The purpose of voir dire is to afford counsel an opportunity to elicit sufficient information to develop *207 a rational basis for excluding jurors for cause or by peremptory challenge. The scope of voir dire examination is within the sound discretion of the trial judge and his decision will not be set aside absent an abuse of discretion. People v Harrell, 398 Mich. 384; 247 NW2d 829 (1976). This Court has ordered a new trial where the trial judge restricted voir dire in a manner which prevented development of a factual basis for the exercise of peremptory challenges. People v Sears, 88 Mich. App. 1; 276 NW2d 496 (1979). However, defendant may not argue that the trial judge unduly restricted the scope of voir dire where, as here, his counsel was permitted to ask such questions as he deemed necessary and eventually expressed his satisfaction with the jury selected. People v Brown, 393 Mich. 174; 224 NW2d 38 (1974).

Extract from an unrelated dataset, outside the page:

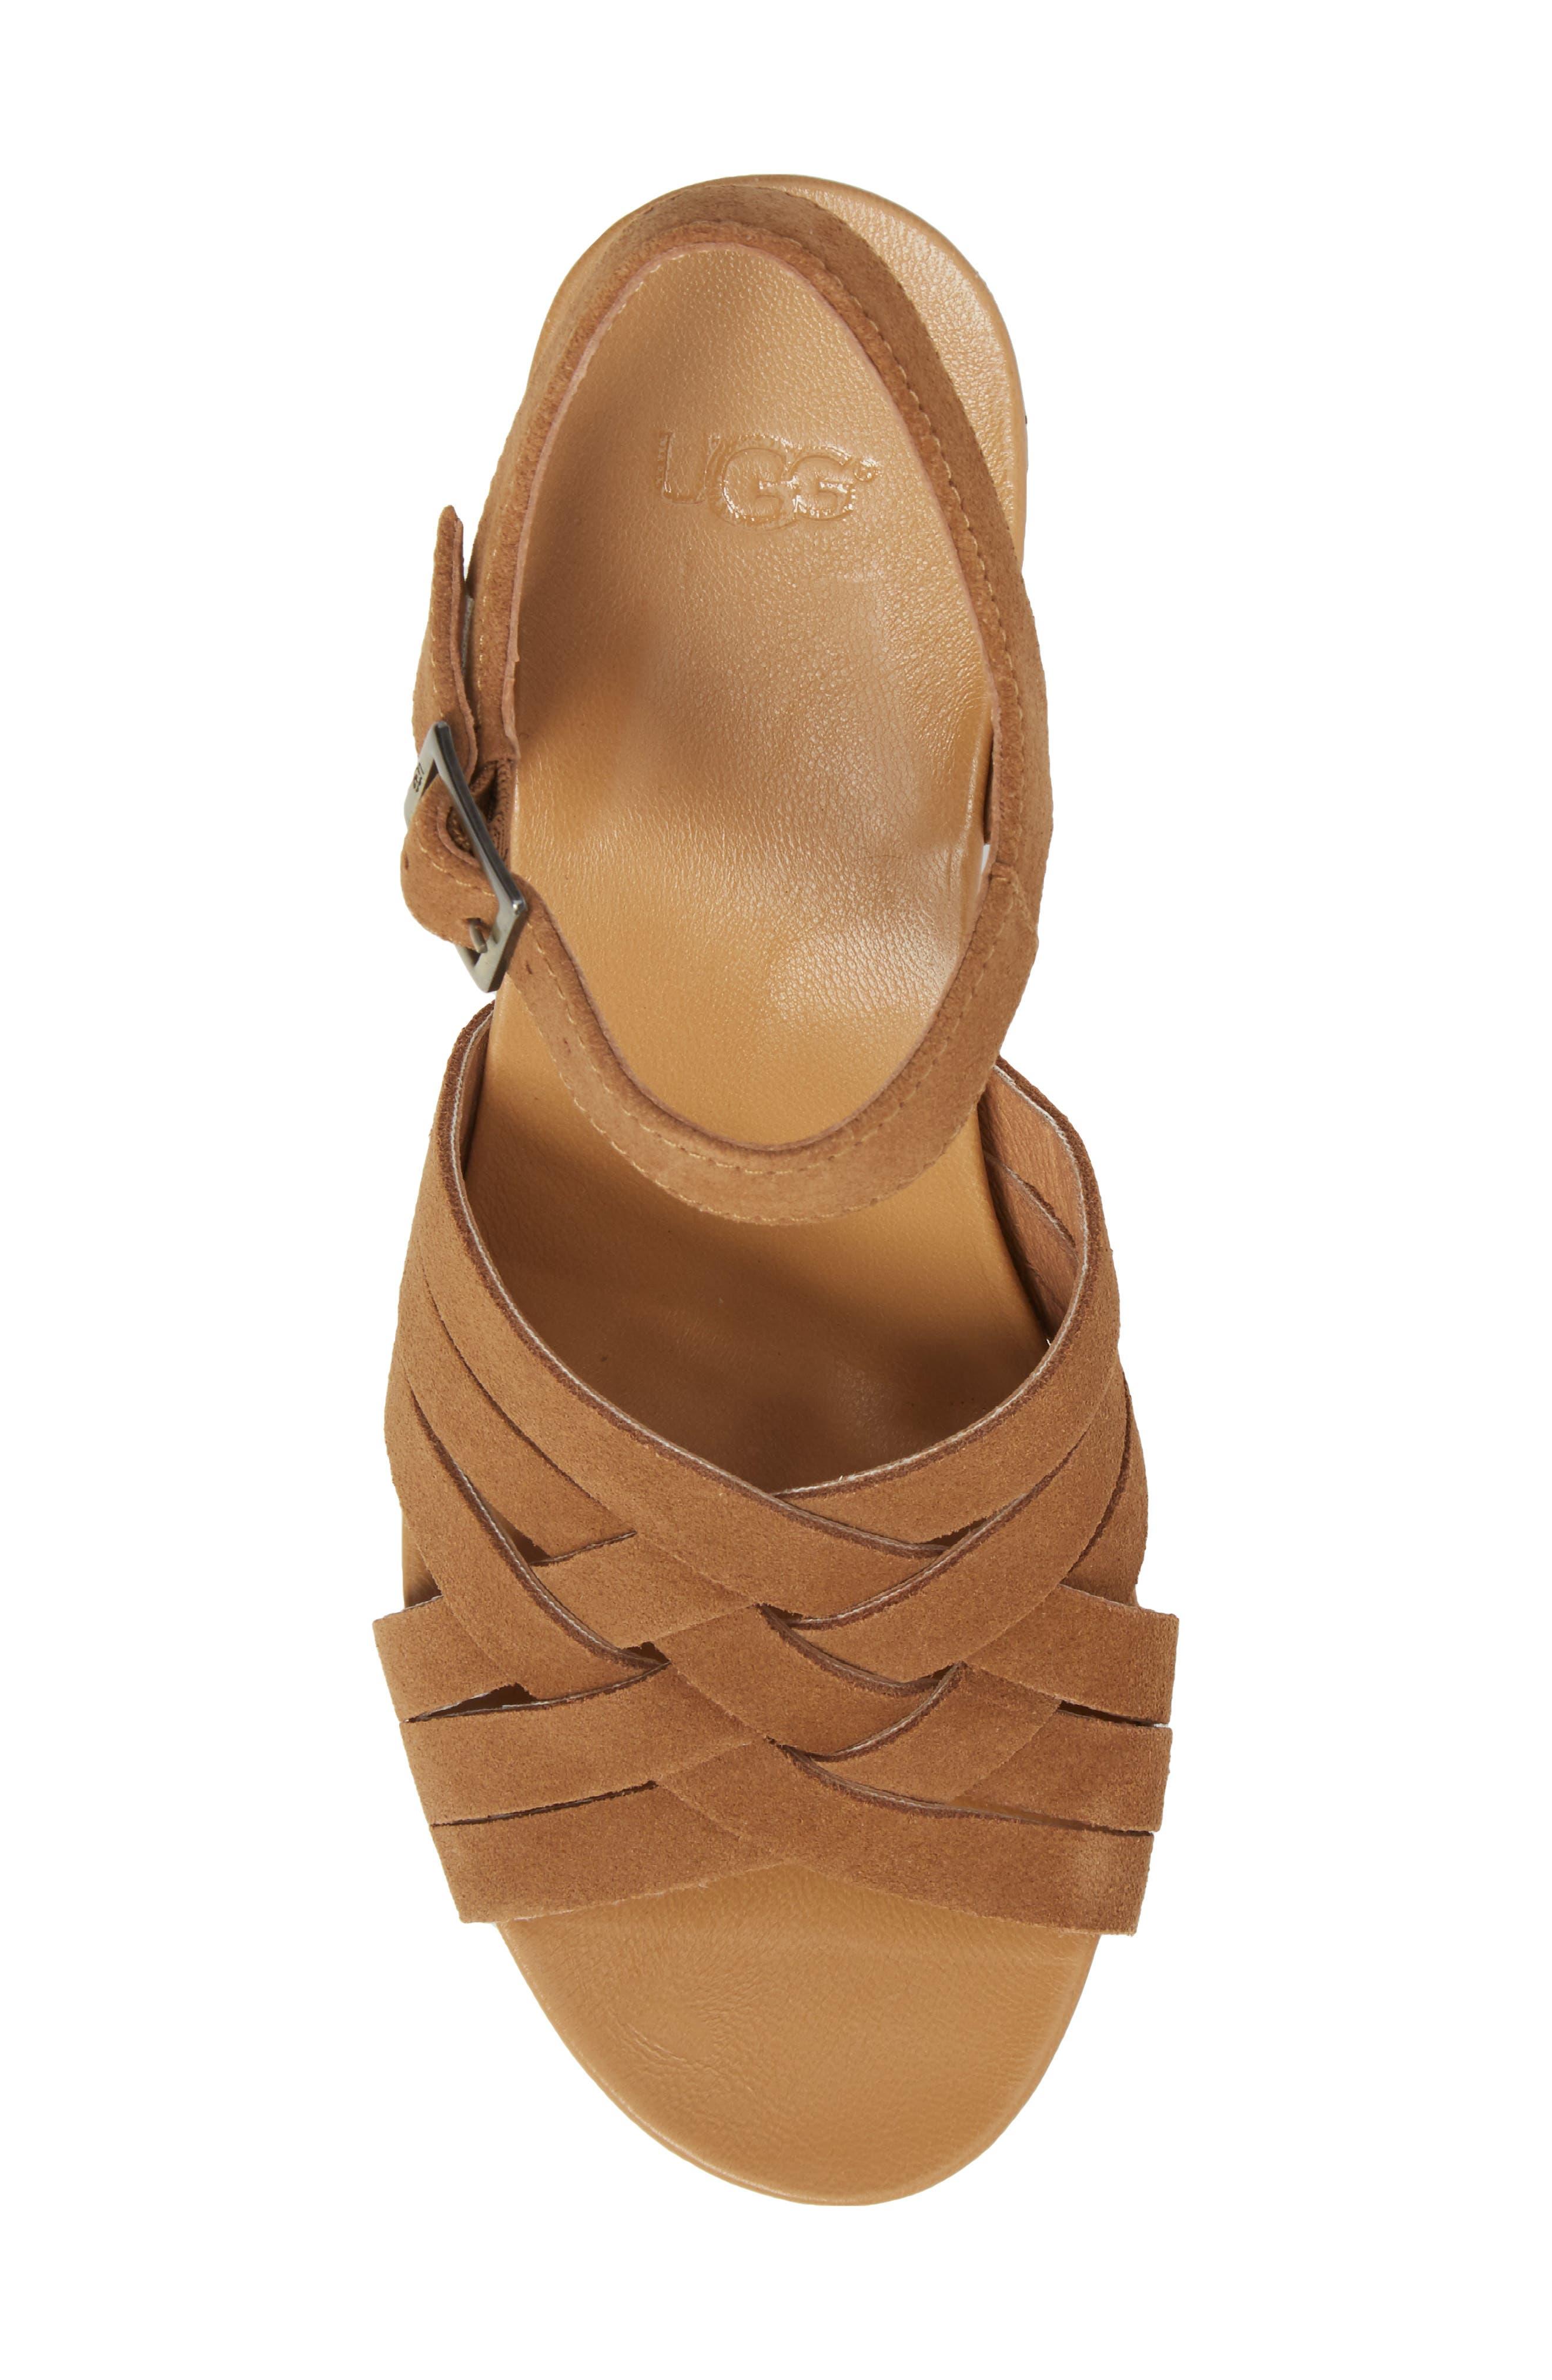 Uma Wedge Sandal,                             Alternate thumbnail 5, color,                             Chestnut Suede

False answers by a juror to questions on voir dire, whether intentional or unintentional, deny the defendant a fair trial if correct answers would have led the parties to challenge him. People v Graham, 84 Mich. App. 663, 666-667; 270 NW2d 673 (1978). Here, however, the juror's answers to the questions on voir dire were not false. For example, the juror's relationship with the police officers could not be characterized as a close friendship. A defendant is denied a fair trial where a juror fails to disclose on voir dire a matter which would deprive him of the capacity to act impartially even though the juror was not asked about the matter. People v Hannum, 362 Mich. 660, 666-667; 107 NW2d 894 (1961). However, we cannot say that the matters on which defendant relies were matters which would have deprived the juror of his capacity to act impartially.

Affirmed.

NOTES

[*] Circuit judge, sitting on the Court of Appeals by assignment.